Eser Velichko’nun yaşadığı zamanın siyasi gelişmelerine ilişkin gözlem ve görüşlerini içeren bir hatıra kitabıdır. Kitaba bir bütün olarak baktığımızda Ermeniler’ in Kafkasya’da Türklere karşı yürüttükleri karalama propagandasının Tehcirden çok önce başlatılan profesyonel bir strateji olduğu kolayca anlaşılacaktır. Eserin 1904’te yayınlandığına okuyucunun dikkatini çekmek isterim: Henüz 1915’e gelinmiş değildir. Ama Ermeniler bütün Kafkasya’da Türkleri ezeli düşman addetmekteydiler.

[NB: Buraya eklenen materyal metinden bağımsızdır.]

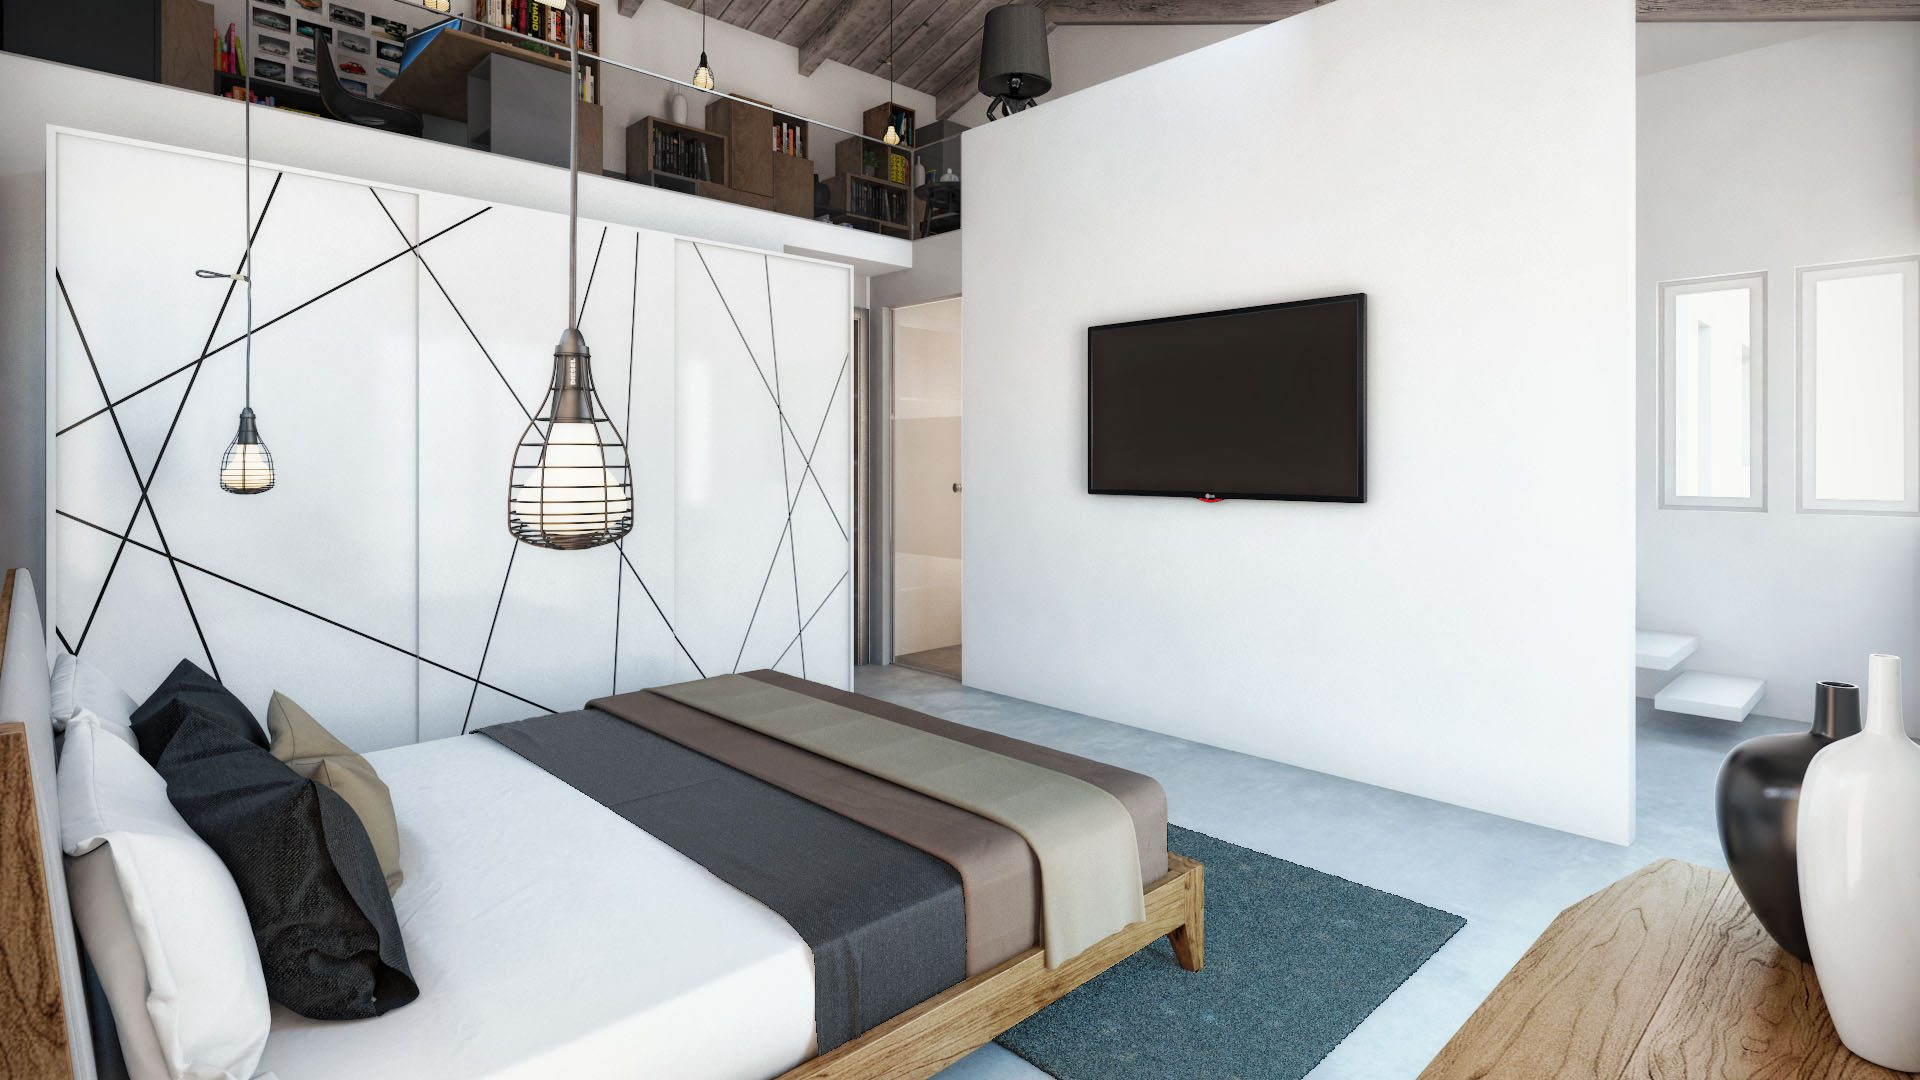 archicostudio_oreokastro_h1_bedroom

Bu eserde Karabağ ve Ahıska’nın güney kesiminde Ermenilerin izledikleri nüfus stratejileri, yöneticilere karşı izledikleri şantaj politikaları örneklendirilerek açıklanmaktadır. Hınçak örgütünün sıradan Ermeni halkını kendi siyasi emelleri için esir alması, basının kendilerine karşı çıkan herkes aleyhine bir tehdit aracı olarak kullanılması da çarpıcı bir şekilde ortaya konmaktadır. Yazarın bu konudaki tespitleri onun Ermenilerce düşman olarak ilan edilmesi için yeterli olmuştur.
Eserde Kafkasya Müslümanları, Azerbaycan Türkleri ve Anadolu Türkleri arasındaki bütünlüğe yapılan vurgu, Kafkas halklarının kökeni, o dönemdeki etnik tablo ve Rusların Petro zamanından beri yürüttükleri Büyük Rusya emperyalizmi emellerinin bir Rus yazar tarafından içtenlikle savunusu da yer almaktadır.

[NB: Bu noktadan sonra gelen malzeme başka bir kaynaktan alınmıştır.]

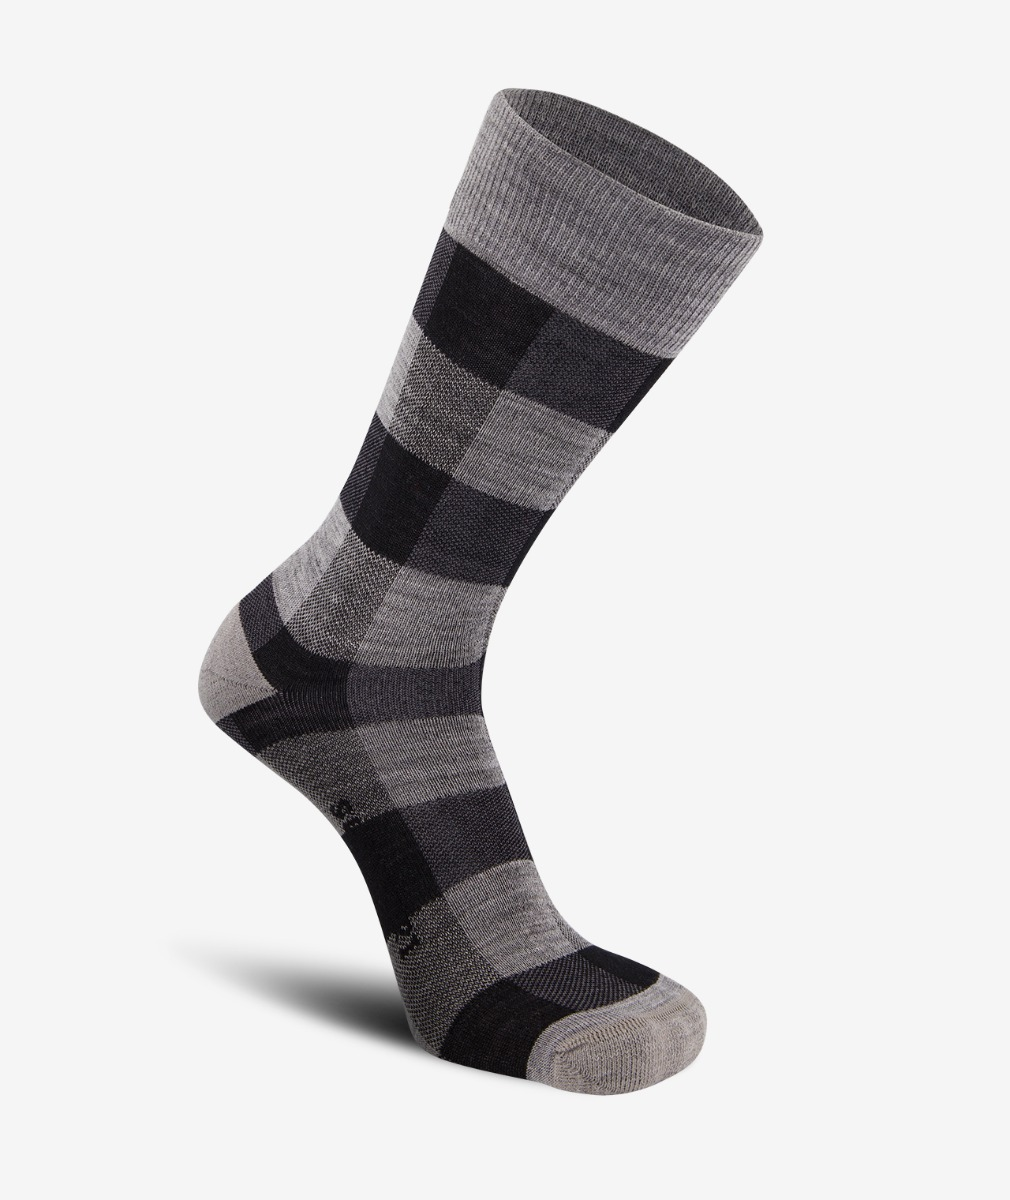 Swanndri Colombo Check Merino Sock in Grey Check

Ermenilerin yürüttükleri çarpıtma ve propagandaları çok önceden bildikleri ve uyguladıklarını bu eserde açıkça görmek mümkündür. Bazen propaganda gerçeği esir alır. Ermeniler de bunu yapmaktadırlar. Benim amacım ise sadece gerçeklerin doğru şekilde anlaşılmasıdır.
Çevirinin Türk gençlerinin Kafkasya tarihi, etnik yapısı ve Ermenilerin yüzyılı fazlasıyla aşan izledikleri stratejinin temel hedeflerini anlamalarına katkıda bulunacağına inanıyorum. Gençlerimiz yakın tarihimizi çok iyi bilmelidirler ki geleceğimizden emin olalım.
Eserin aslına tümüyle sadık kalmaya özen gösterdim. Ermenileri daha yakından tanımak için Rusça kaleme alınan çok sayıda önemli eserin Türkçe’ye kazandırılmasına büyük ihtiyaç bulunduğunu düşünüyorum. Bu çevirinin Türk okuru ile buluşmasını sağlayan Astana Yayınlarına ve Adalet KAHVECİOĞLU hanımefendiye bilhassa teşekkür ediyorum.